***** DATASET CONTENT *****
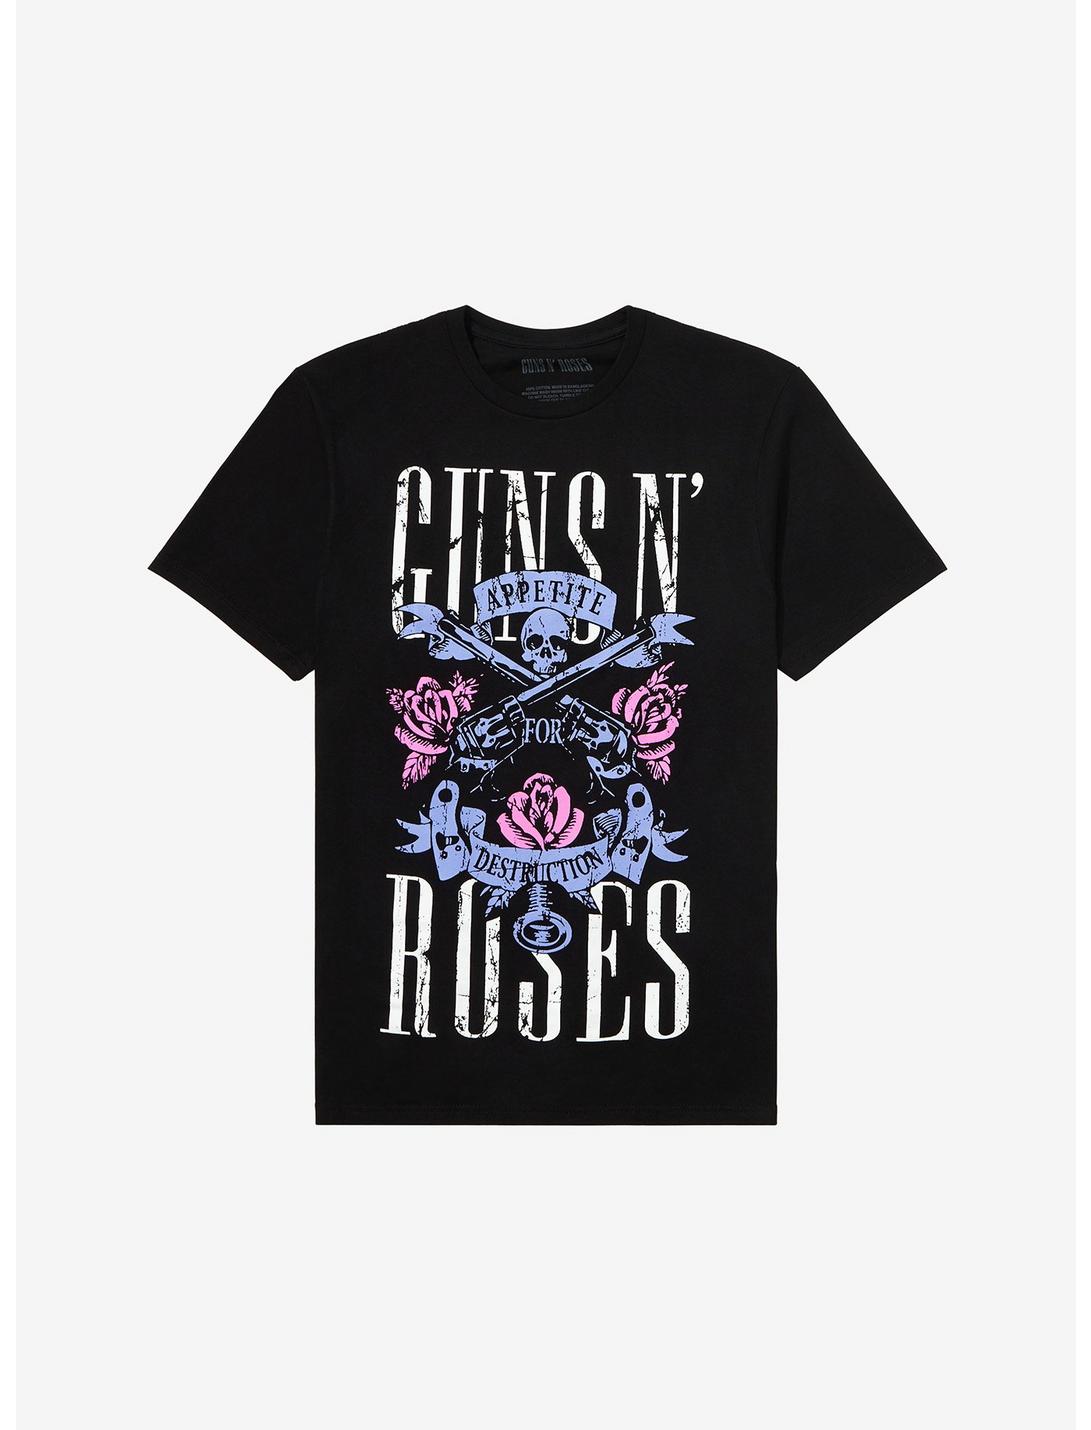 Guns N' Roses Appetite For Destruction Pastel Graphic T-Shirt, BLACK, hi-res
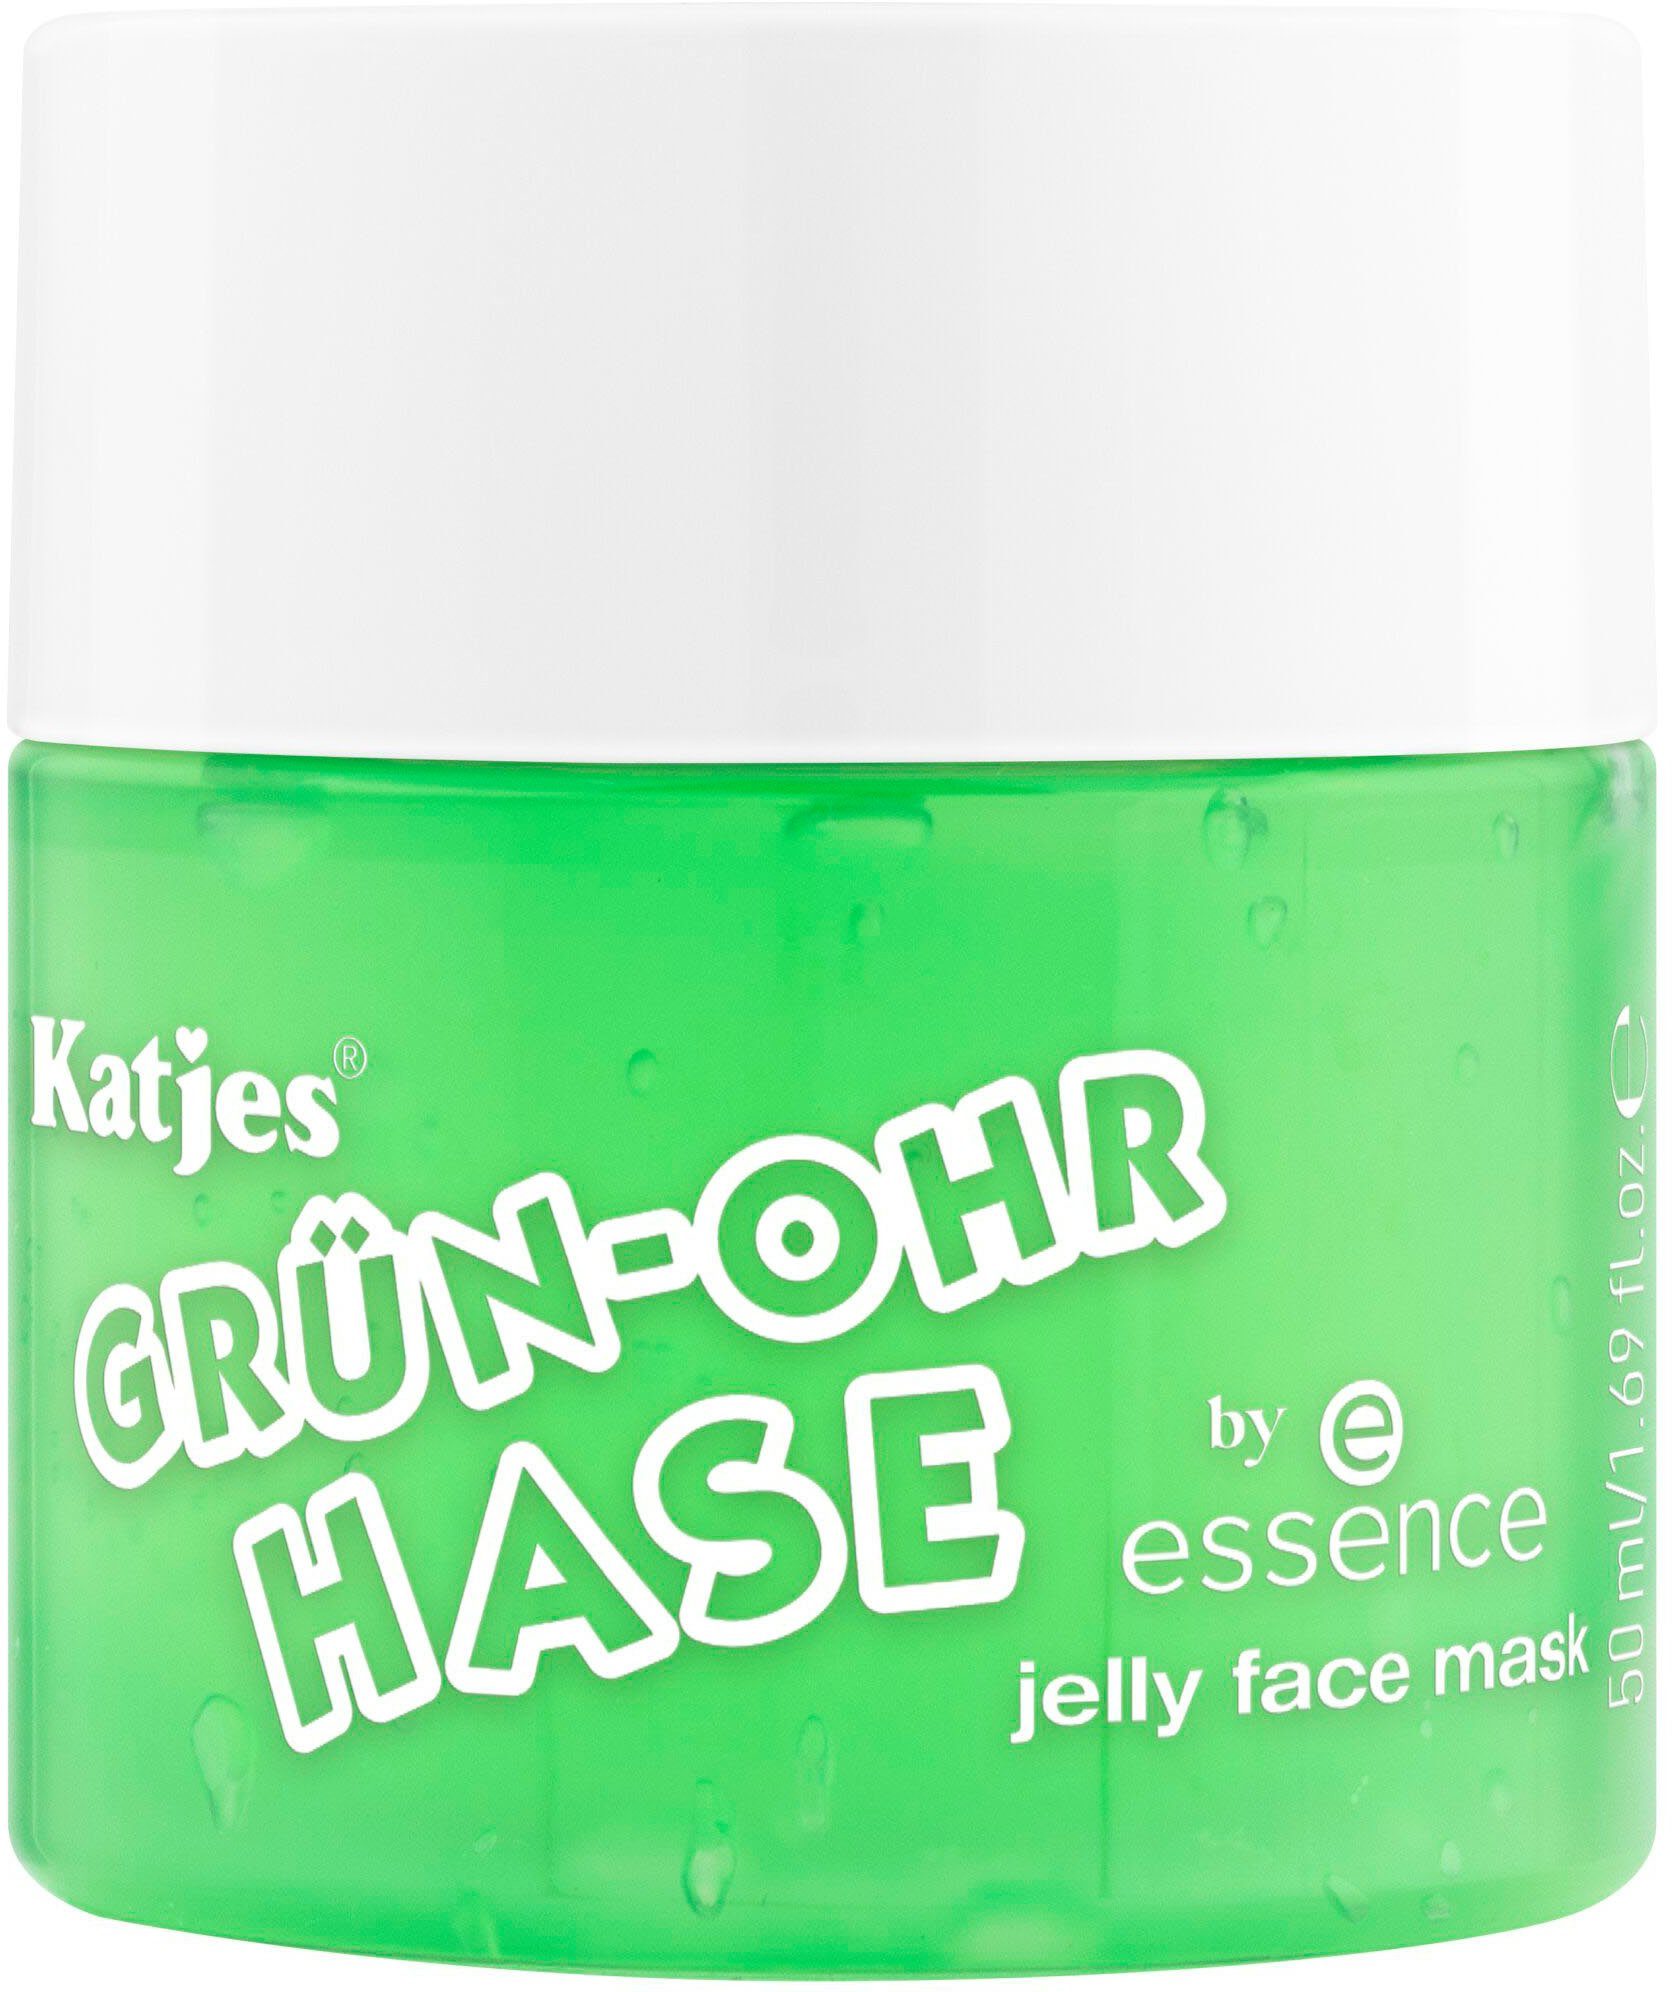 Essence Gesichtsmaske essence 3-tlg. face Set, mask jelly
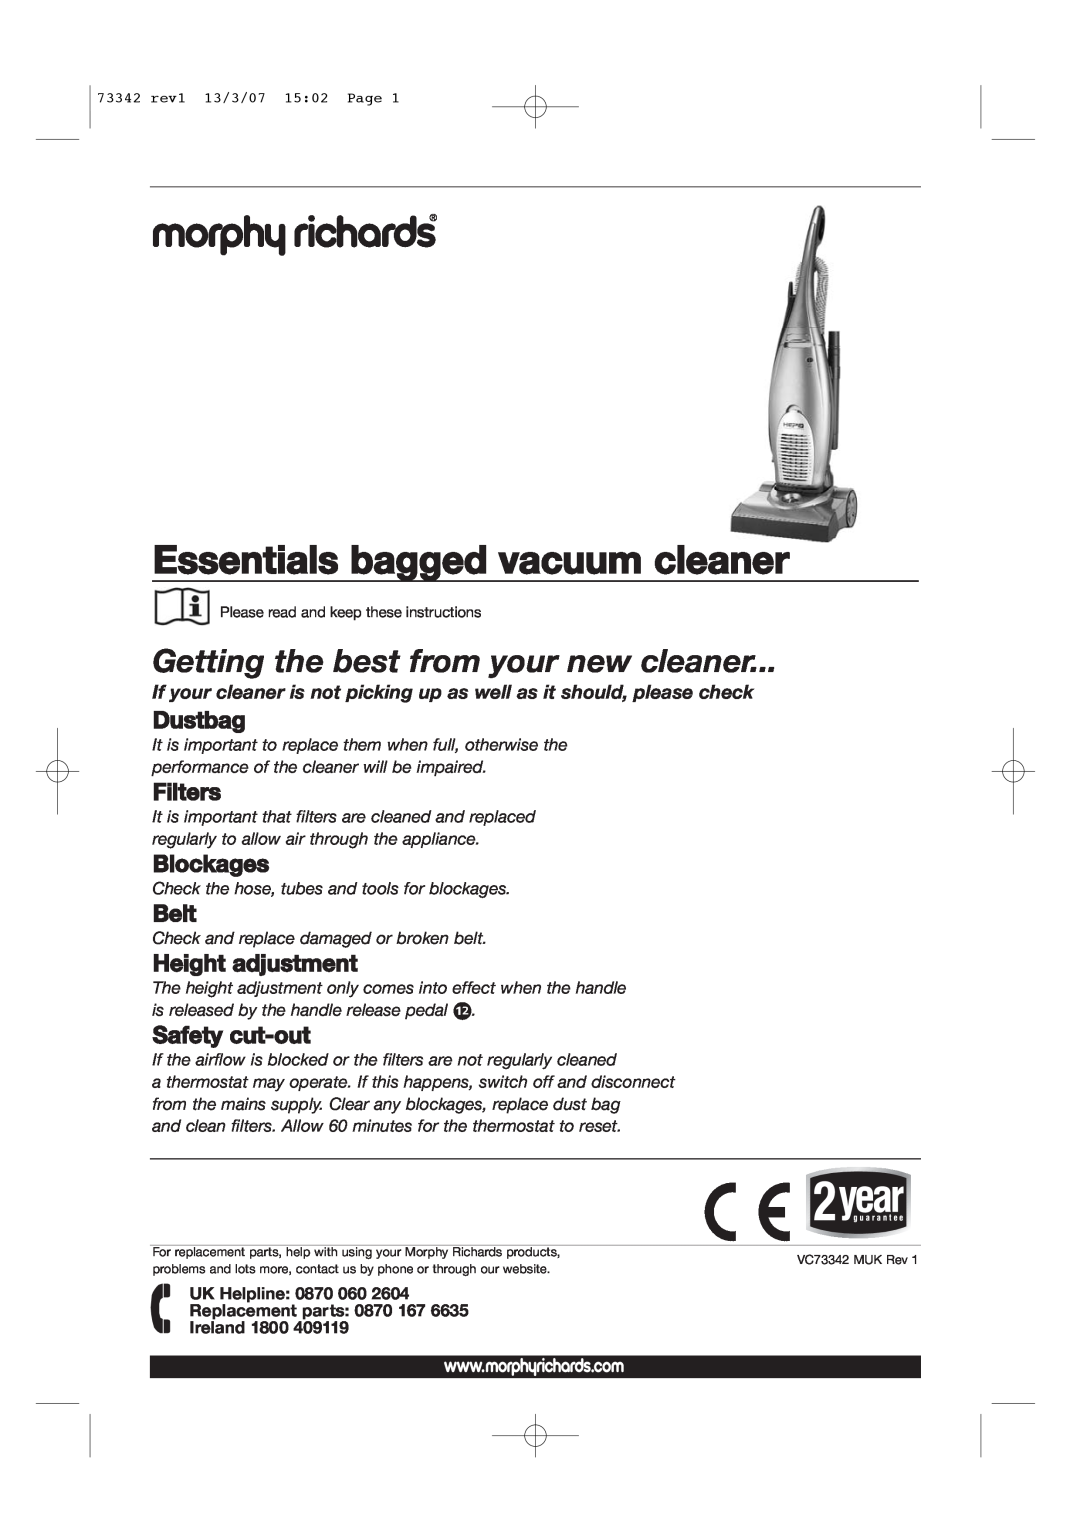 Morphy Richards Essentials Bag Vacuum Cleaner manual Essentials bagged vacuum cleaner, Dustbag, Filters, Blockages, Belt 
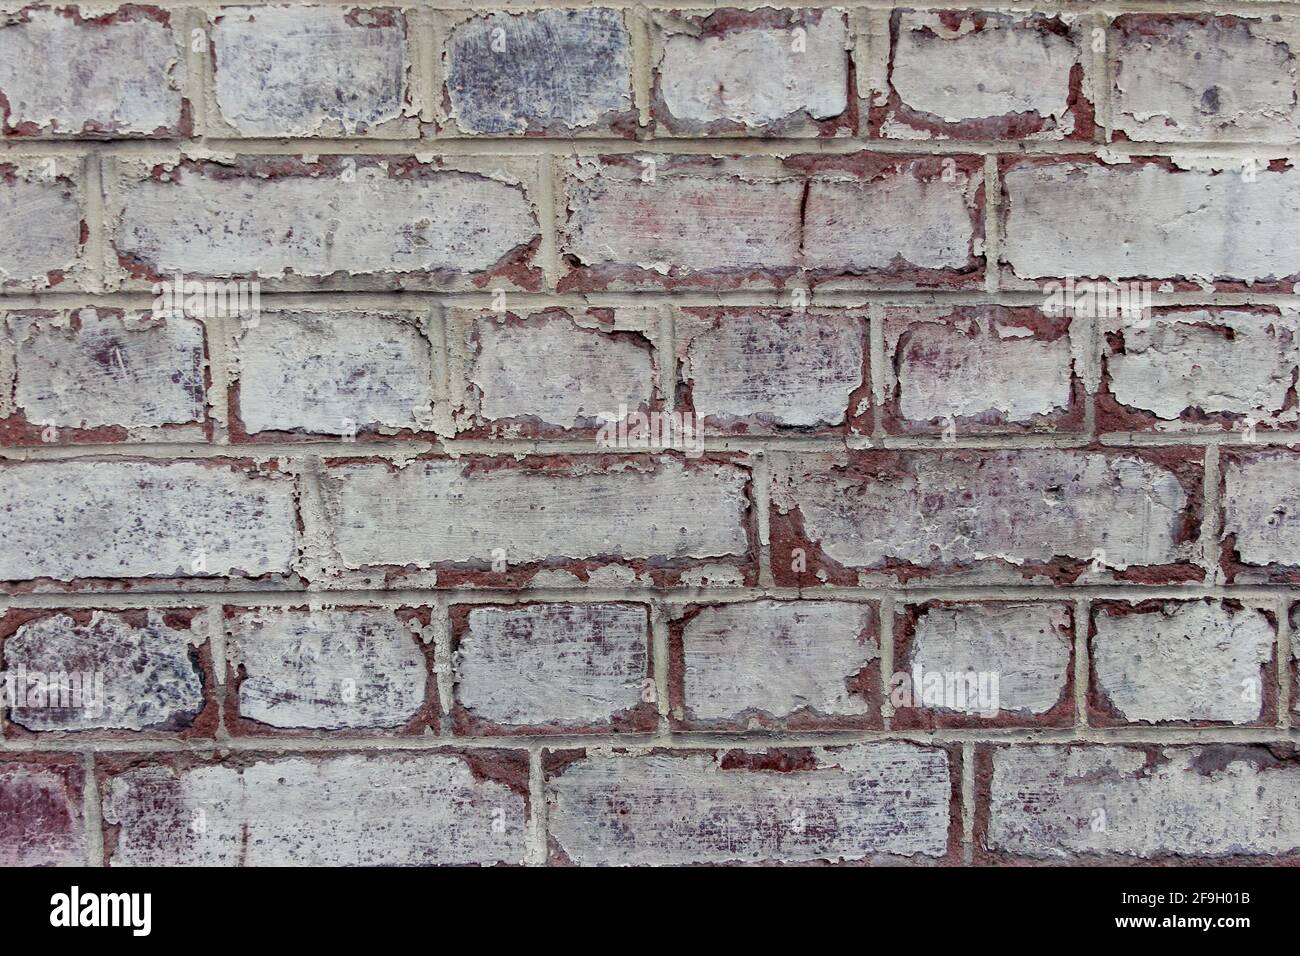 a brick wall as a texture Stock Photo
*****
> TASK GOAL
Pictures stay out of this copy. Retype exactly the lines from the one with "Essence Gesichtsmaske essence" through the last line of the data, both ends included, and nothing more.

> WRITTEN ANSWER
 Essence Gesichtsmaske essence 3-tlg. face Set, mask jelly
 Morphy Richards Essentials Bag Vacuum Cleaner manual Essentials bagged vacuum cleaner, Dustbag, Filters, Blockages, Belt 
 a brick wall as a texture Stock Photo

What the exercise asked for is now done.